Watkins has therefore failed to meet his heavy burden to warrant altering the judgment, and the
Court will deny his Rule 59(e) motion. See Gencorp, Inc., 178 F. 3d at 834.
A. Administrative Stay
On March 13, 2017, the Court administratively remanded Defendants’ motion for summary
judgment. (D.N. 103) Watkins argues that the Court erred by thereafter granting summary
judgment without first notifying him of its intent to lift the administrative stay. (D.N. 124-1,
PageID # 2632–33) In support of his argument, Watkins presents no authority indicating that this
Court must provide notice prior to lifting an administrative stay. (See id.) Watkins has therefore
failed to show that the Court clearly erred in its decision to rule on the motion for summary
judgment without first notifying the parties of its intention to do so.
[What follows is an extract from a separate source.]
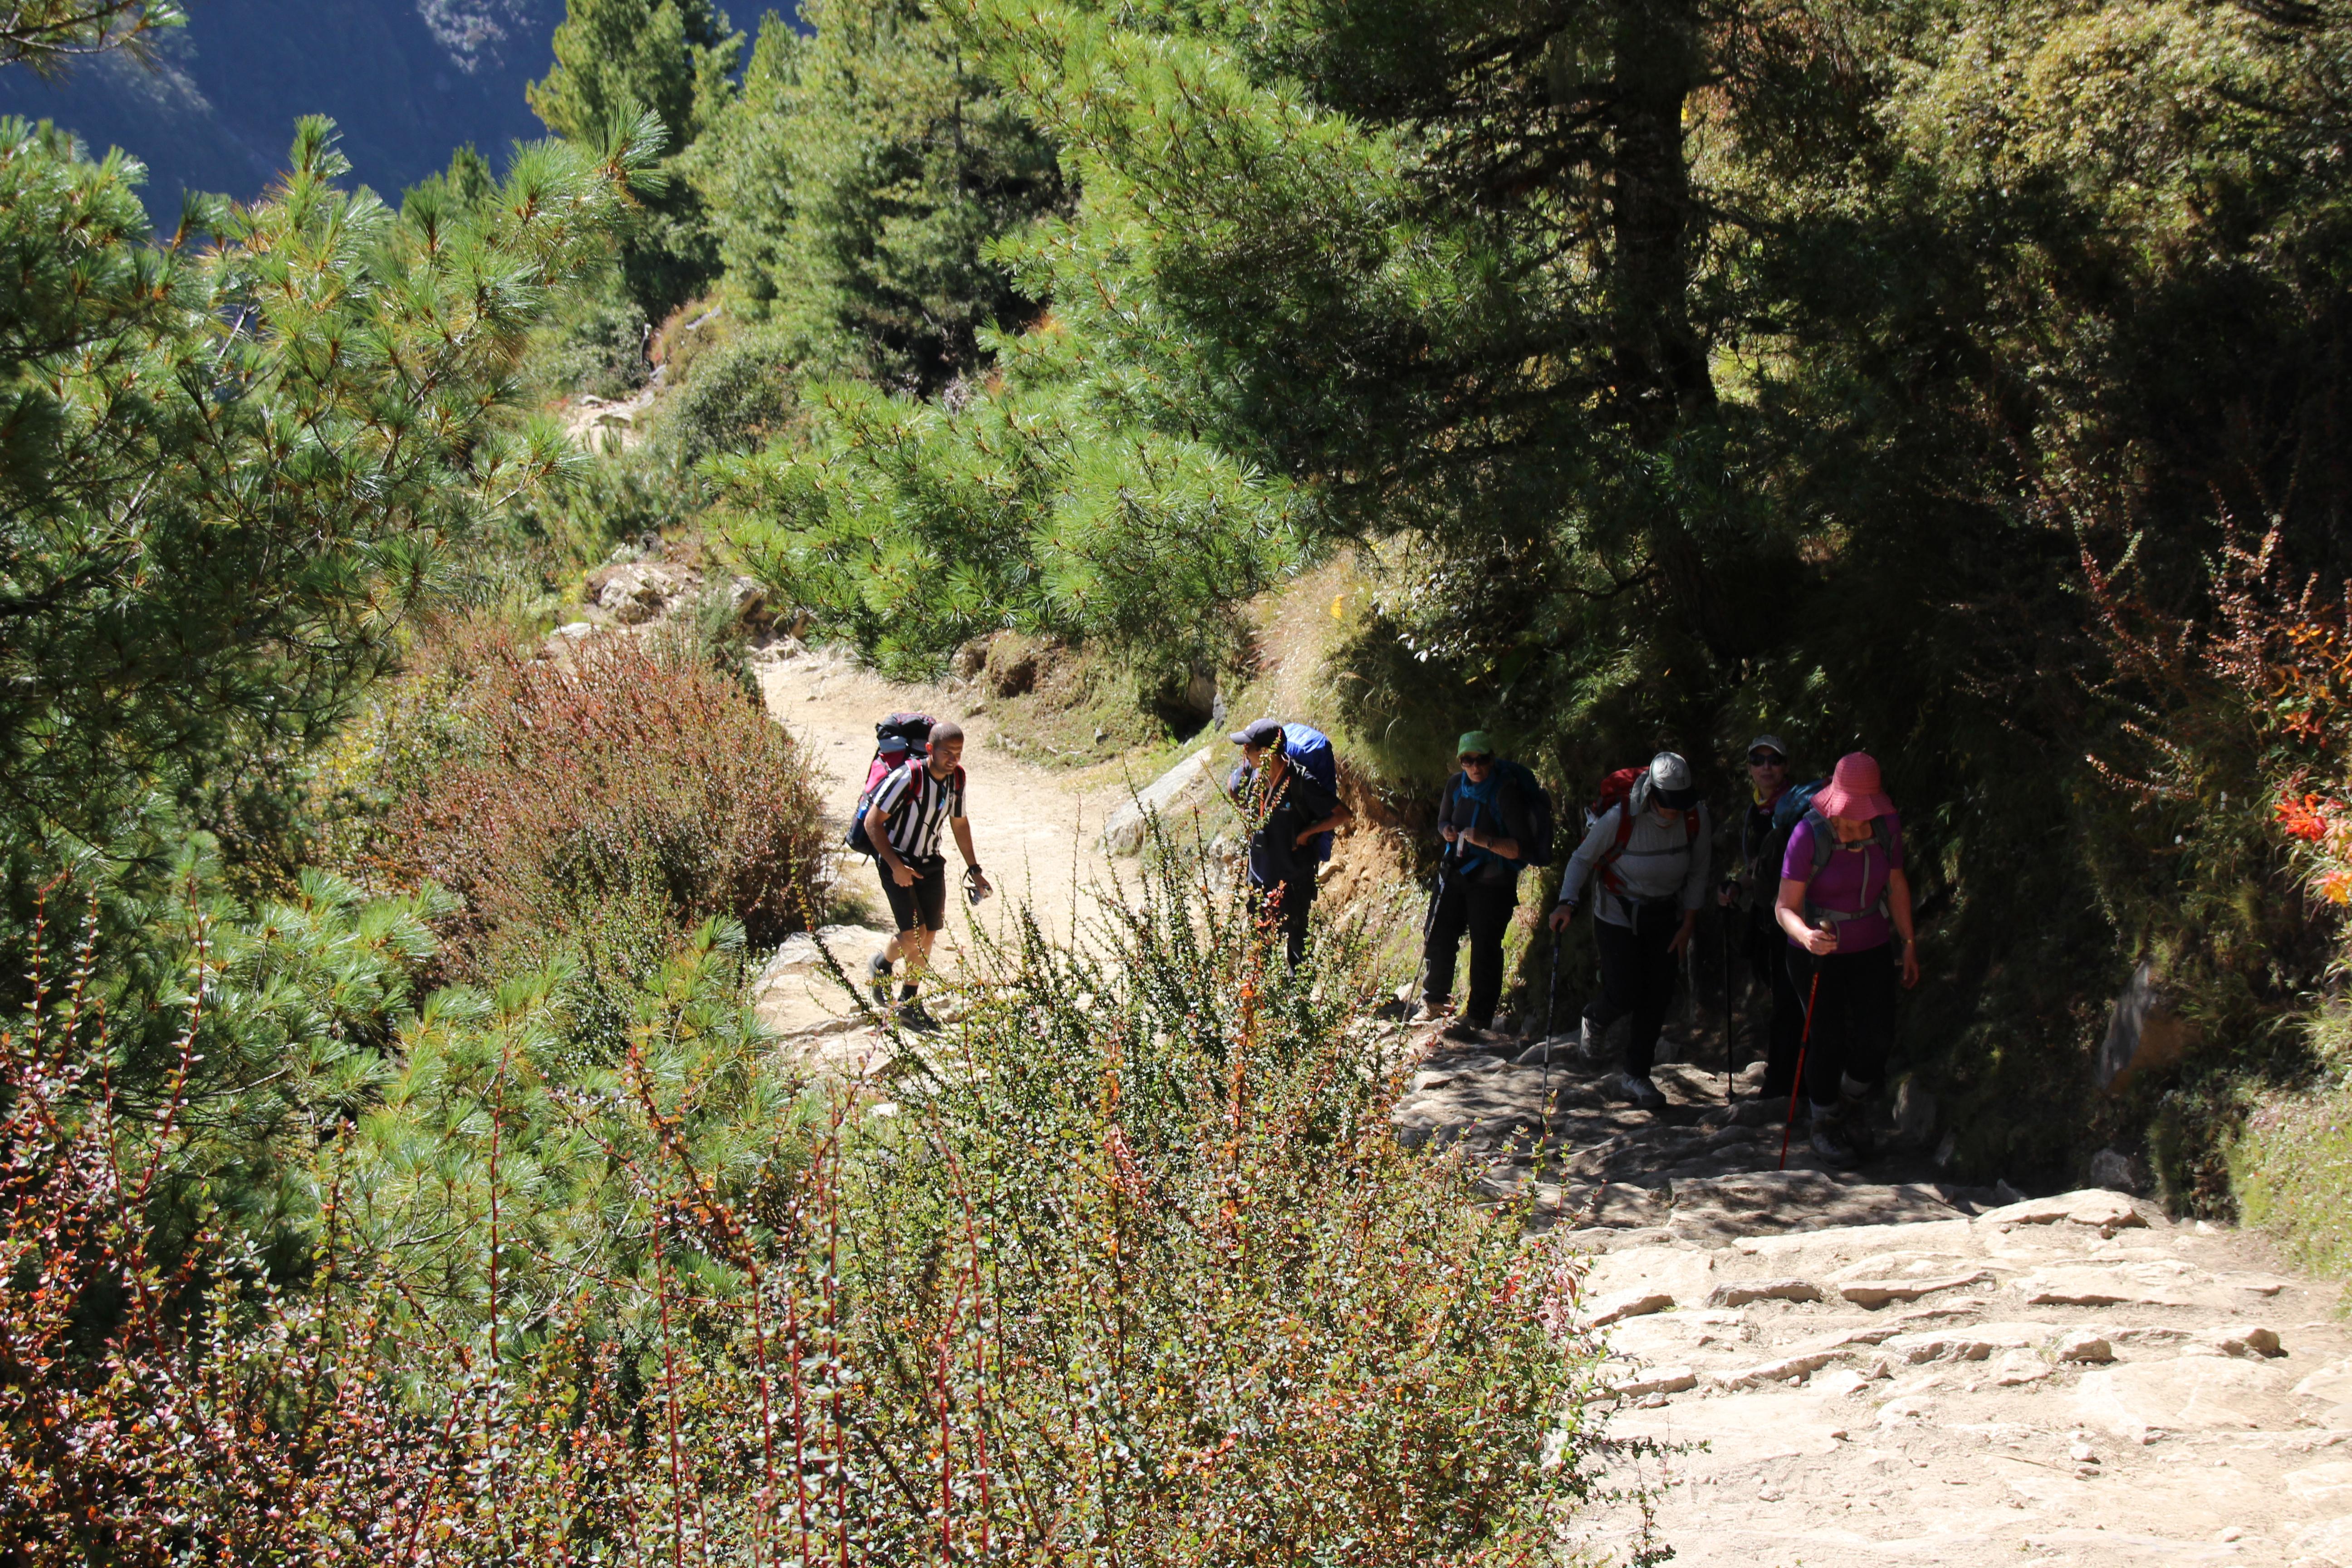 Group Trekking Up a Hill

See Gati v. W. Ky. Univ., No.
3:14-cv-544-DJH-CHL, 2018 WL 3028572, at *7 (W.D. Ky. June 18, 2018) (“[The plaintiff’s]
argument falls short of showing a clear error on the part of the Court . . . . [The plaintiff] cites no
caselaw contradicting the Court’s position.”).
5
Additionally, Watkins fails to demonstrate that the lack of notice resulted in manifest
injustice. When the Court ruled on Defendants’ summary judgment motion, the motion had been
fully briefed for nearly a year. (See D.N. 84; D.N. 120) Indeed, Watkins had ample opportunity
to present arguments against summary judgment in both his response and surreply to the motion.
(D.N. 75; D.N. 81-1) In any event, Watkins does not explain what actions he would have taken
had he received notice or how notice would have affected the Court’s Judgment. (See D.N. 1241, PageID # 2632–33) Watkins has therefore failed to demonstrate manifest injustice. See Martin
v. Colvin, No. 15-46-ART, 2016 WL 1305891, at *5 (E.D. Ky. Apr. 1, 2016) (“[A] showing of
manifest injustice requires that there exist a fundamental flaw in the court’s decision that, without
correction, would lead to a result that is both inequitable and not in line with applicable policy.”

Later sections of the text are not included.